David Teather, Media Business Correspondent 

No merger for me, says Murdoch

Rupert Murdoch's News Corporation yesterday said the merger of Time Warner and internet business America Online had failed to persuade him to link with a similar new media company.
  
  


Rupert Murdoch's News Corporation yesterday said the merger of Time Warner and internet business America Online had failed to persuade him to link with a similar new media company.

Shares in News Corp have increased in value by 50% since the Time Warner-AOL deal in anticipation of a tie-up but Mr Murdoch said the company had put well in place its own strategy for capitalising on the internet. "We have built and are building a global digital platform to deliver multiple services to customers around the world," he said. "In parallel, we are building multimedia, multi-revenue businesses around our core content and business categories, including news, sports, classifieds, health and entertainment."
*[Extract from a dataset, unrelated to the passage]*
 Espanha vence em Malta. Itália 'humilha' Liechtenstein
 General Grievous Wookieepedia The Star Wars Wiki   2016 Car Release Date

The worldwide success of News Corp's special-effects-laden Titanic during 1998 cast the group's second-quarter results in a poor light by comparison. The company's filmed entertainment division reported income of $31m (£19m) against $162m in the same quarter of 1998.

Anna and the King, the retelling of the story of a Victorian Englishwoman teaching the King of Siam's children, had proved to be this year's biggest disappointment at the box office. Group earnings were $510m, down from $556m, on revenues of $3.9bn for the quarter.

Mr Murdoch highlighted double-digit growth in most of the group's businesses, including television, newspapers and book publishing. Its most successful shows made by 20th Century Fox Television include the X Files and The Simpsons.

But he described the success of BSkyB, the UK pay-TV business in which News Corp has a 40% stake, as "bittersweet". The launch of Sky Digital has driven strong growth in subscriber numbers which have reached 4m in Britain but acquisition costs, including the free set-top box offer, pushed BSkyB into the red in the first half of the year.